Campus Currents

Masterful Gardening

Rocky Bendrihem is a 50-year-old gardener from Bedford, N.H., who grew up in New York City. For many years, he thought tomatoes only came in shrink-wrap. Now, after graduating from the UNH Cooperative Extension's Master Gardener Program in 1997, he begins all his plants by seed. He makes his own compost. He built growing lights for his basement. And he is not alone.

Master Gardener Karen Holman's kitchen in Salisbury, N.H., is home to as many as 1,000 seedlings every spring. This year, she has hundreds of seedlings sitting on her kitchen counters, the number waxing and waning as she gives seedlings away and plants new seeds, scooping potting soil from a big bucket next to the sink when she's in the mood.

The Master Gardner program began in 1993 as an attempt to use volunteers—avid gardeners all—to reach more people with educational gardening information. Limited to 50 volunteers each year, master gardeners participate in training sessions that total 54 hours over a nine-week period. They then volunteer at least 45 hours to earn their certification.

That volunteer work often becomes a collaborative project.
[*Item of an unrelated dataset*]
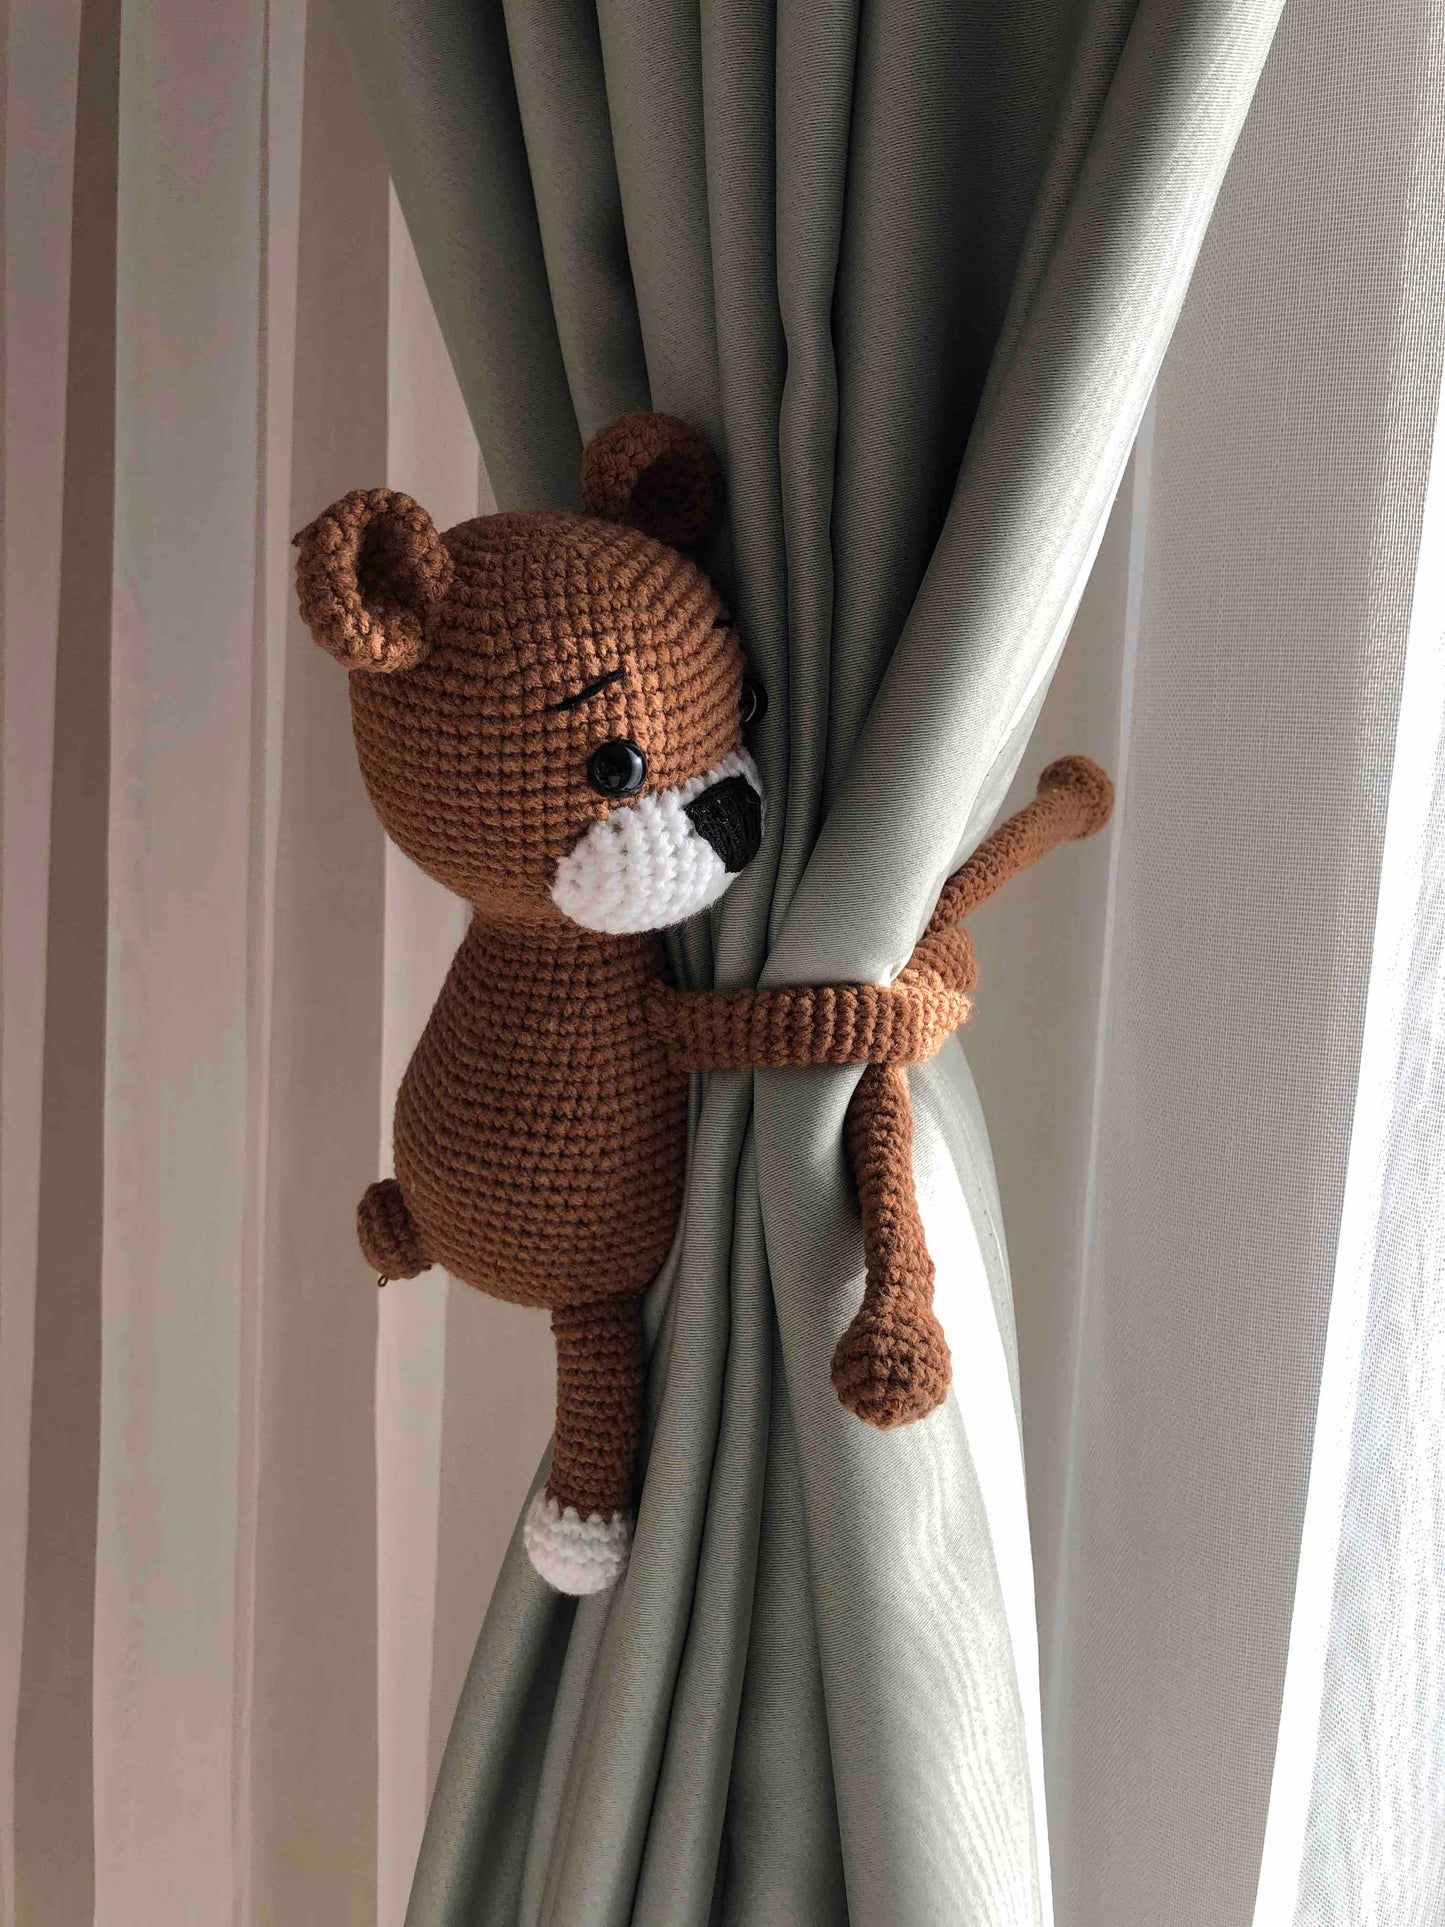 KidsKiddy™ - Teddy Bear Amigurumi Crochet Curtain Tie

Children from an apartment complex in Laconia, N.H., for example, grew vegetables last summer in a youth gardening project, nicknamed the "pizza garden," that involved the efforts of several master gardeners, a garden plot provided by the building's owner, Ed Bedard, and roto-tilling by volunteers from Jenkins Garden Center.

Cynthia Capodestria of Sanbornton, N.H., one of the master gardeners who worked on the project, says participants feasted on grilled pizza topped with the fruits of their labor at the end of the season. "Some of these kids had never picked up a plant before," Capodestria says. "We showed them that with a little bit of sweat, you reap great rewards."

In Rockingham County, master gardeners have taken on a project to create a botanical garden, the first of its kind in New Hampshire.

Located on a 10-acre site at the Rockingham County Complex in Brentwood, N.H., it will feature a three-acre arboretum, display and trial gardens, and home landscape designs.

"The whole essence of being a master gardener is to share with others," says Bendrihem, who last summer worked on a project to increase vegetable donations to soup kitchens in Hillsborough County. He wants everyone involved this year to add an extra row to their garden to help feed the poor. "It doesn't take much effort, if you're growing 30 rows, to grow 31."